**Work to complete:**
Set down the lines below, exactly, starting at the one that contains "Ombrellone vela da" and stopping at the last line, inclusive. Omit pictures.

**Data provided:**
== == ==
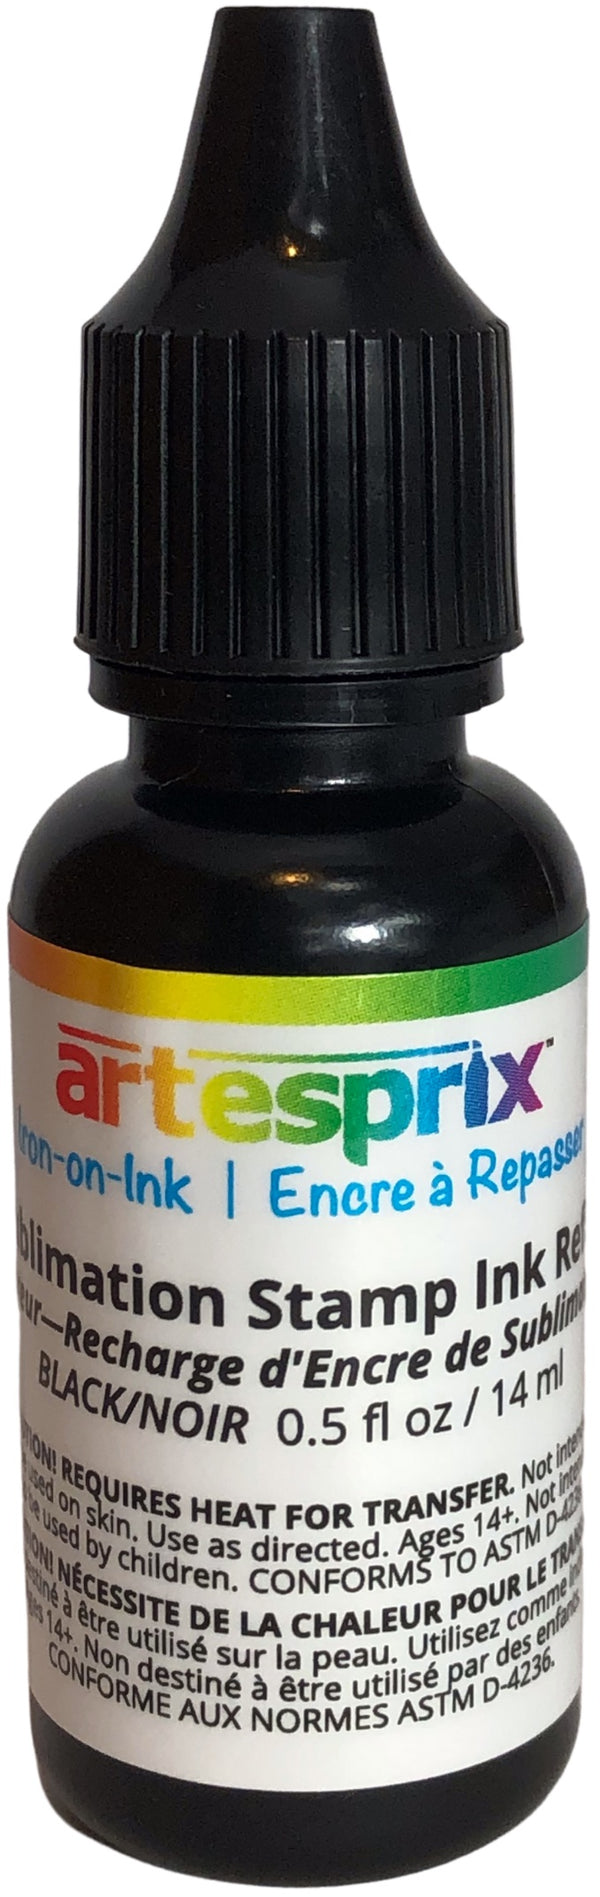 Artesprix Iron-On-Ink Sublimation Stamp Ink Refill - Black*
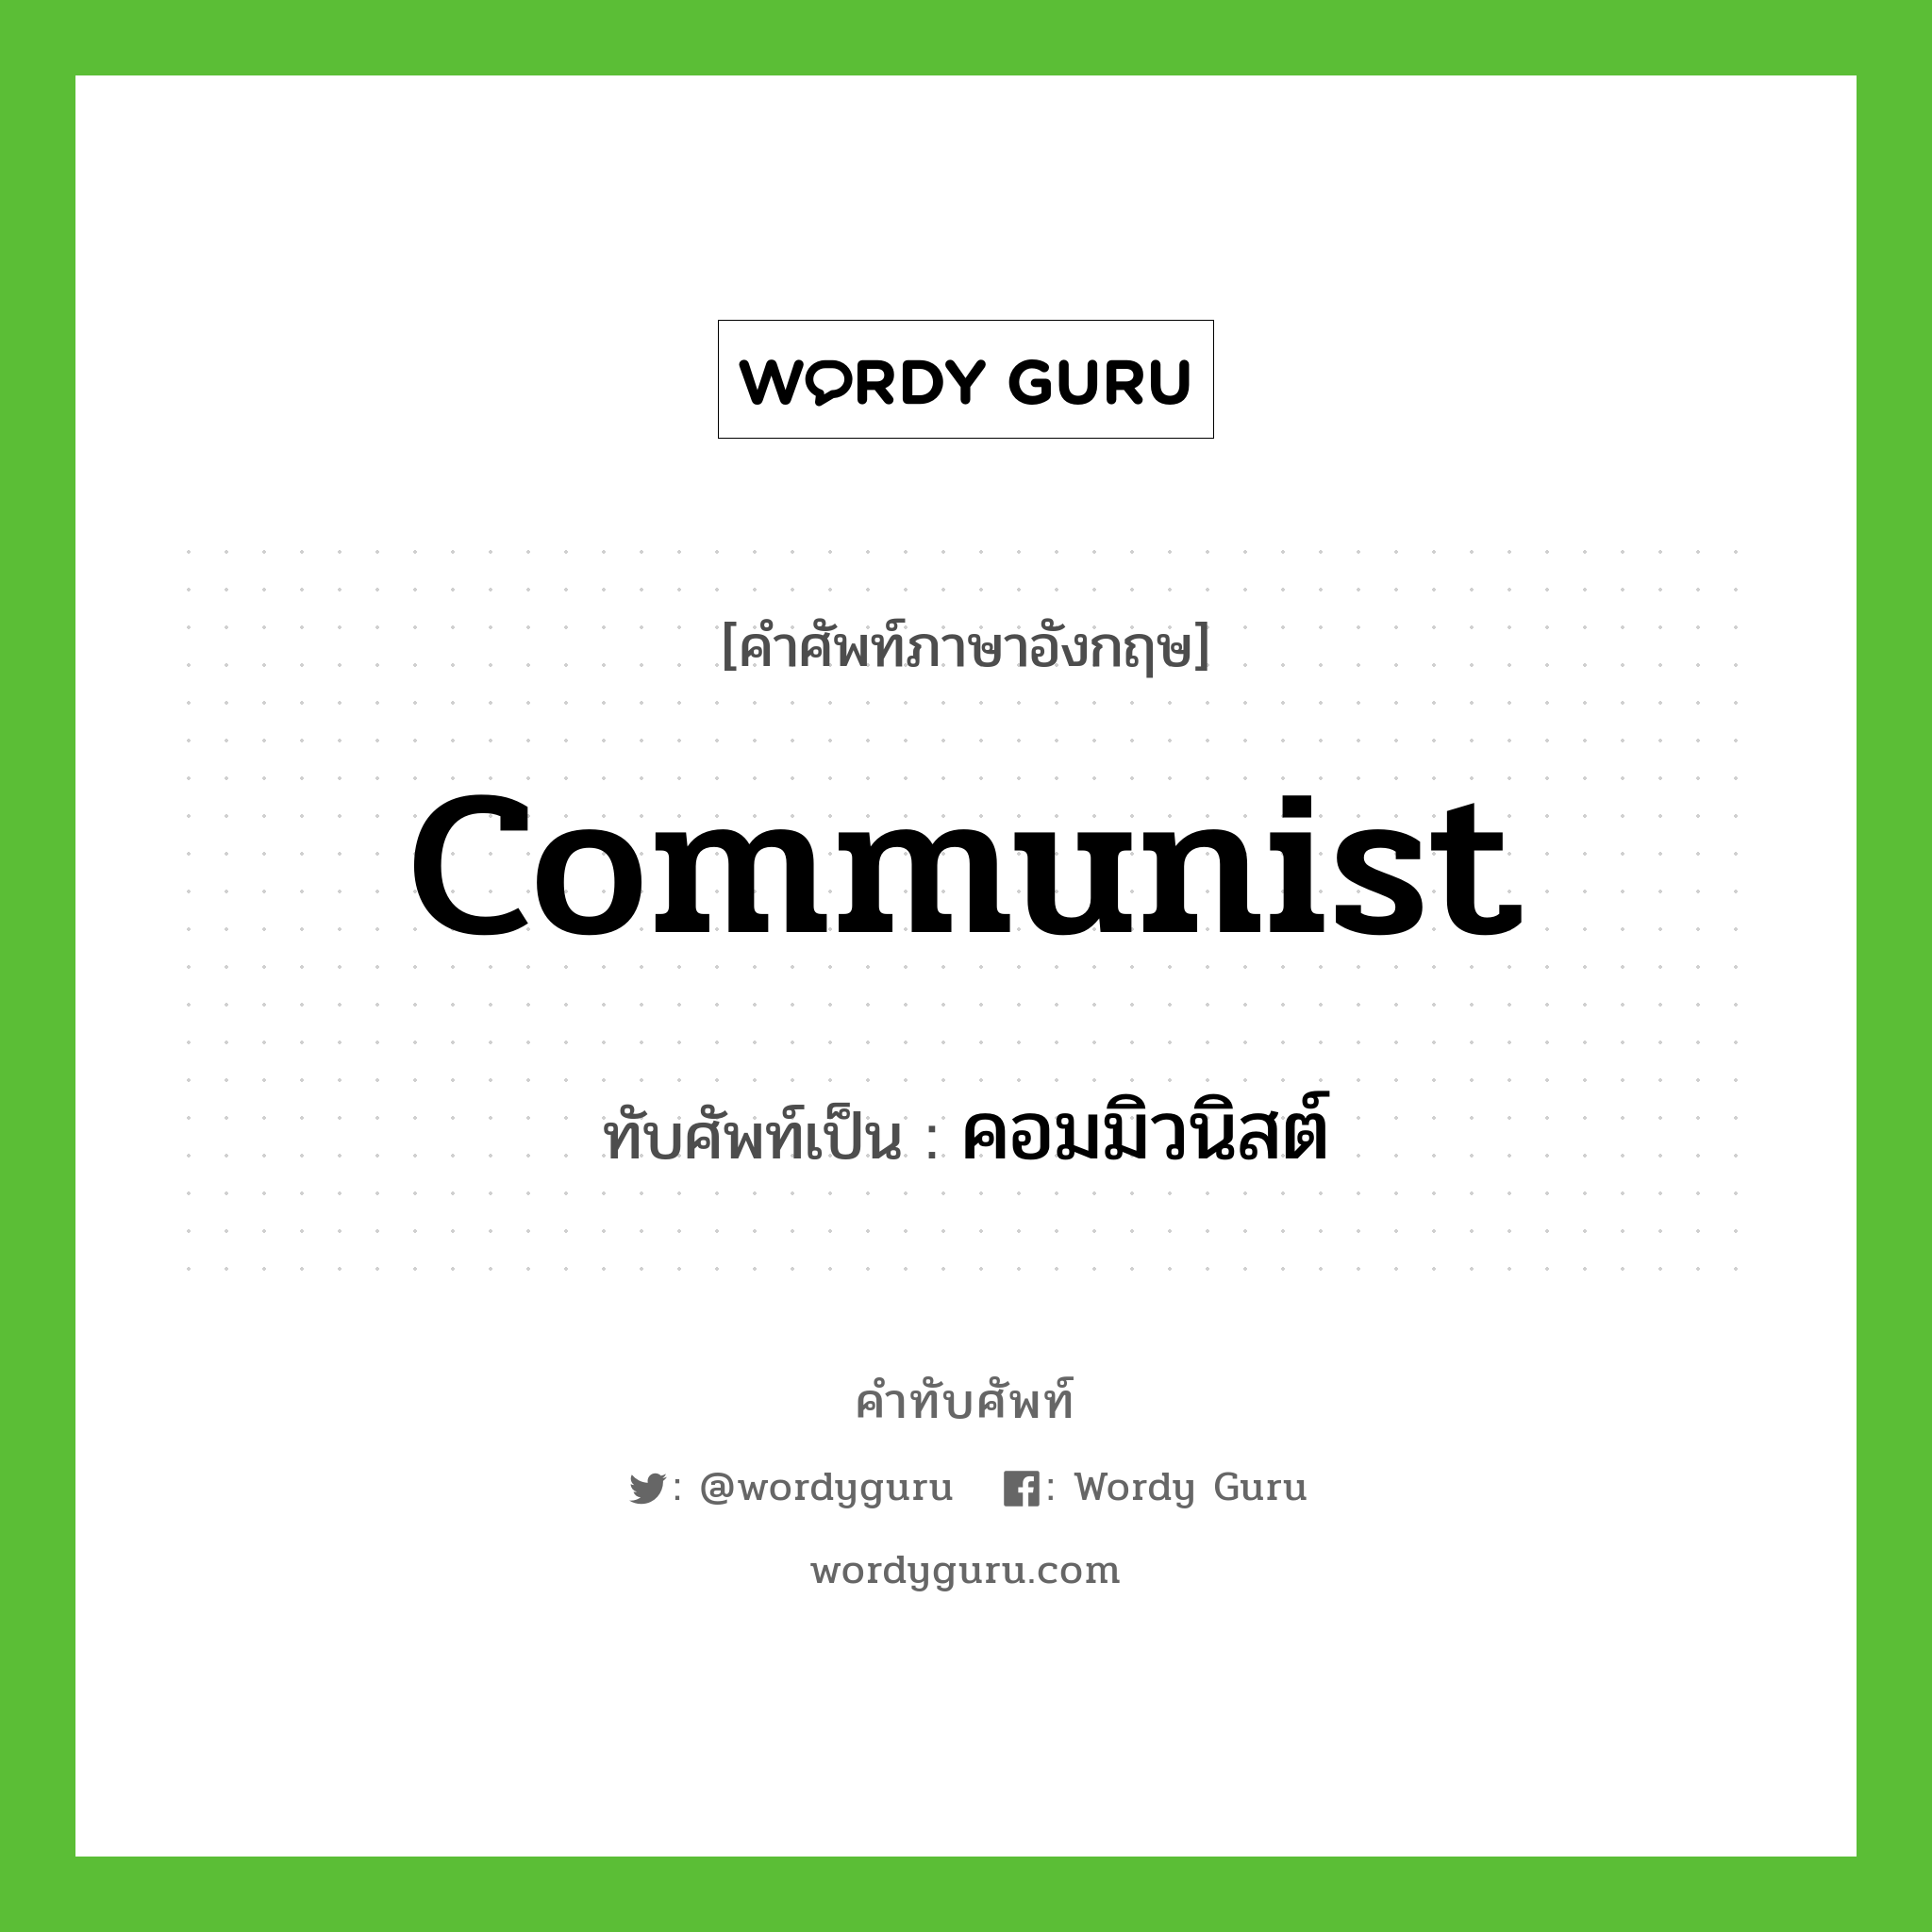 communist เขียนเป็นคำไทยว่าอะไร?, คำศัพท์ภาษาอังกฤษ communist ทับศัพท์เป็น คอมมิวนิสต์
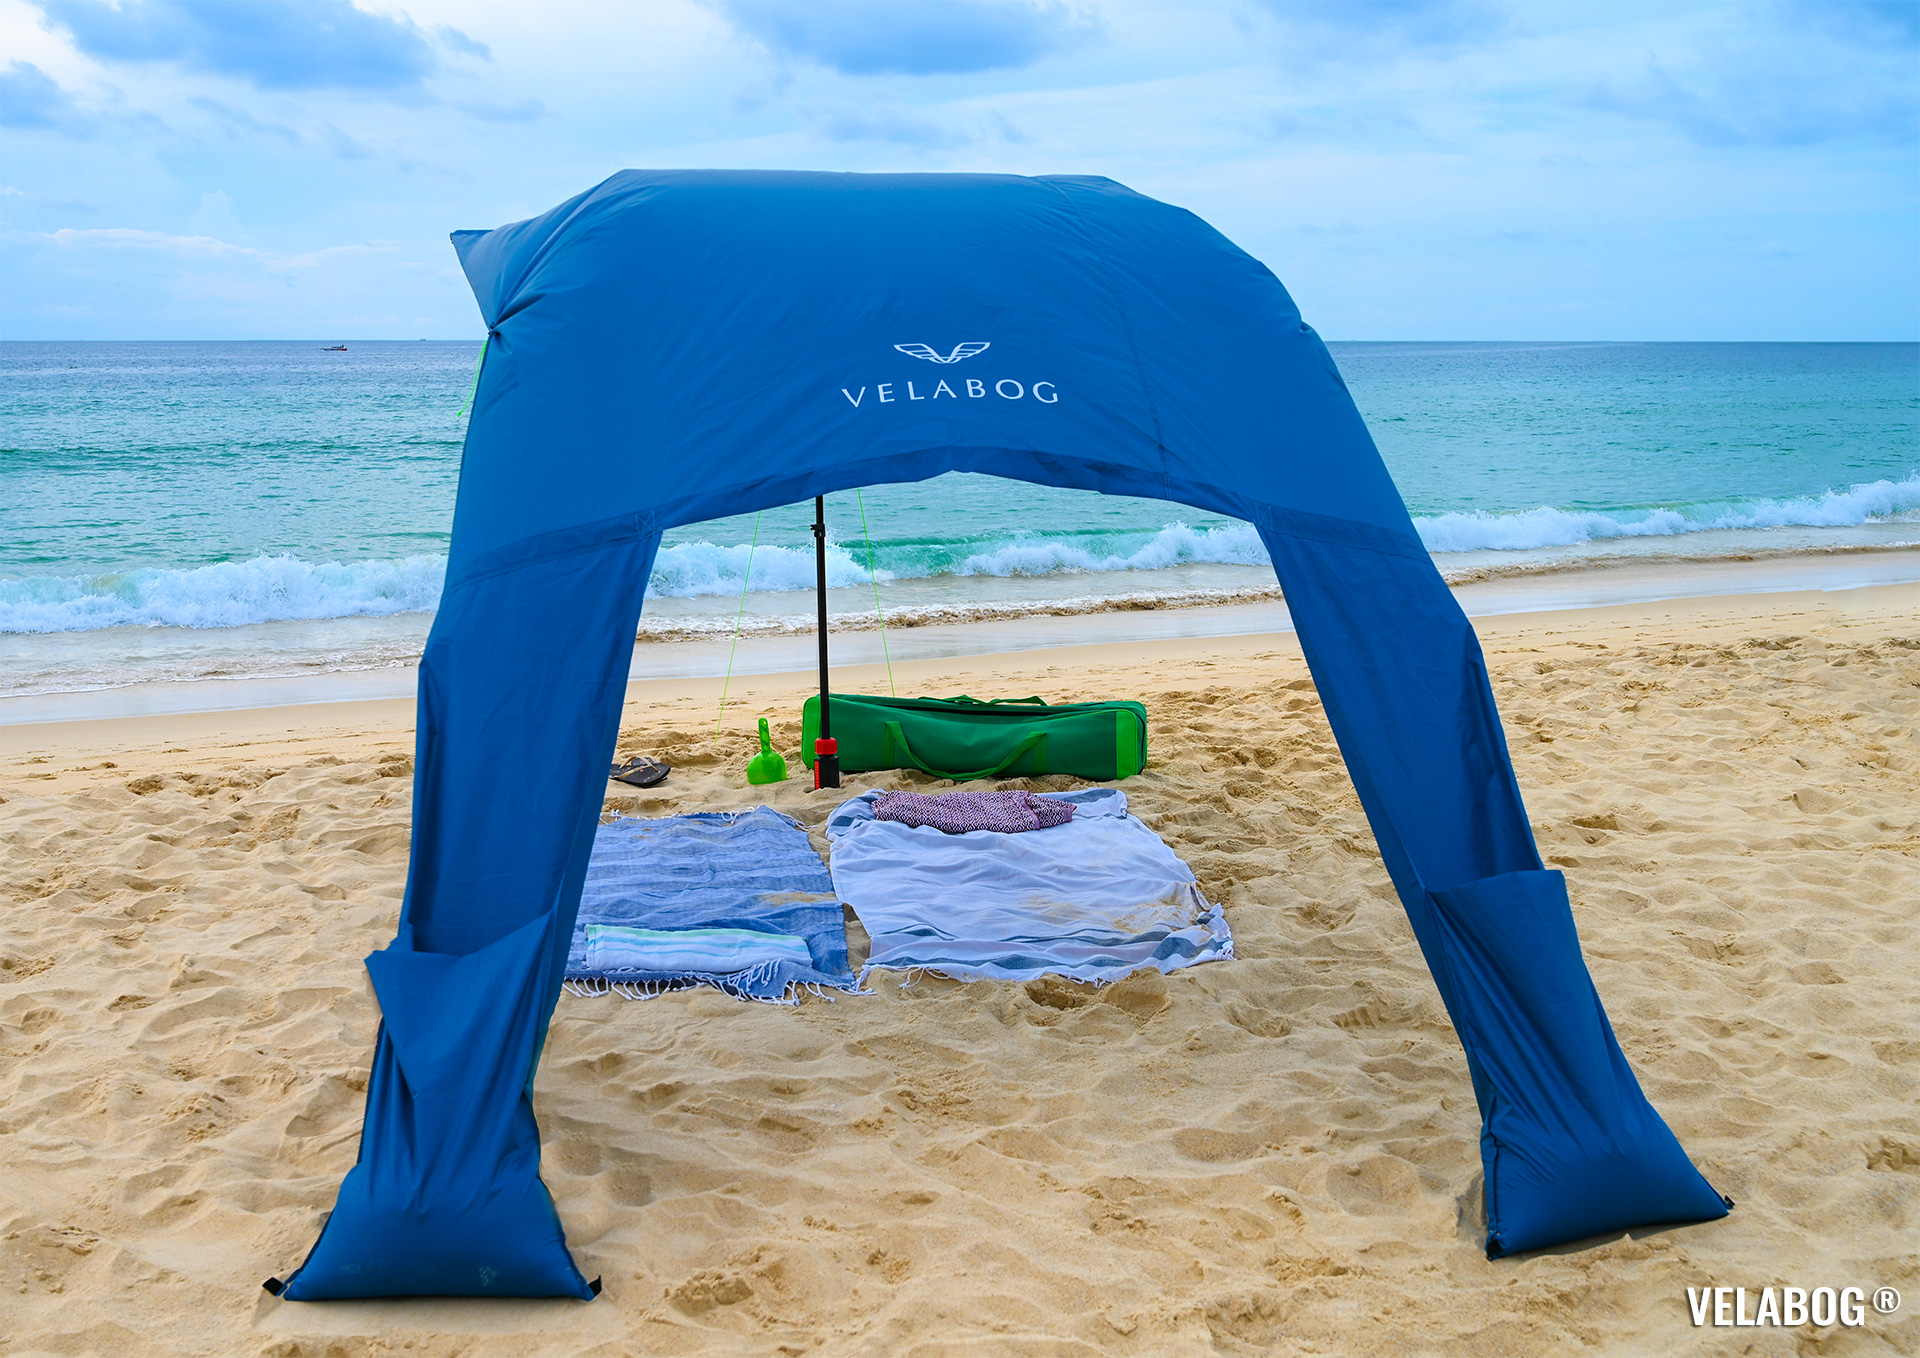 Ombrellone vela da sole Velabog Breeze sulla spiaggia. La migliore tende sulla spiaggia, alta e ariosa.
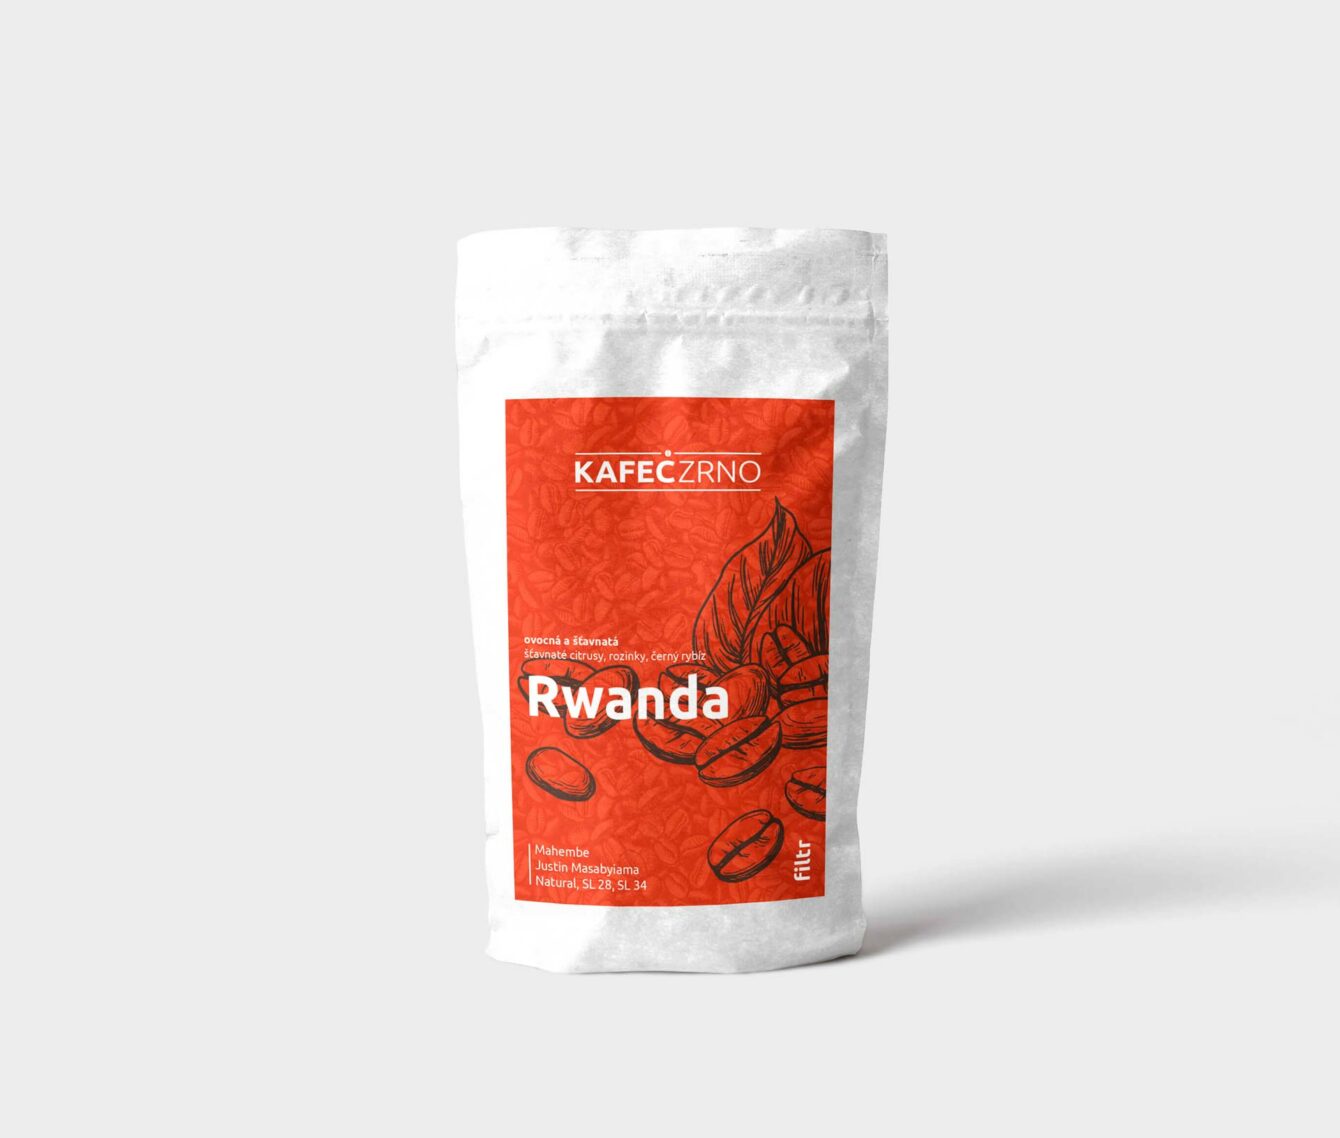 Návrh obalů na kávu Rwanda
== == ==
**Response area:**
 Ombrellone vela da sole Velabog Breeze sulla spiaggia. La migliore tende sulla spiaggia, alta e ariosa.
 Návrh obalů na kávu Rwanda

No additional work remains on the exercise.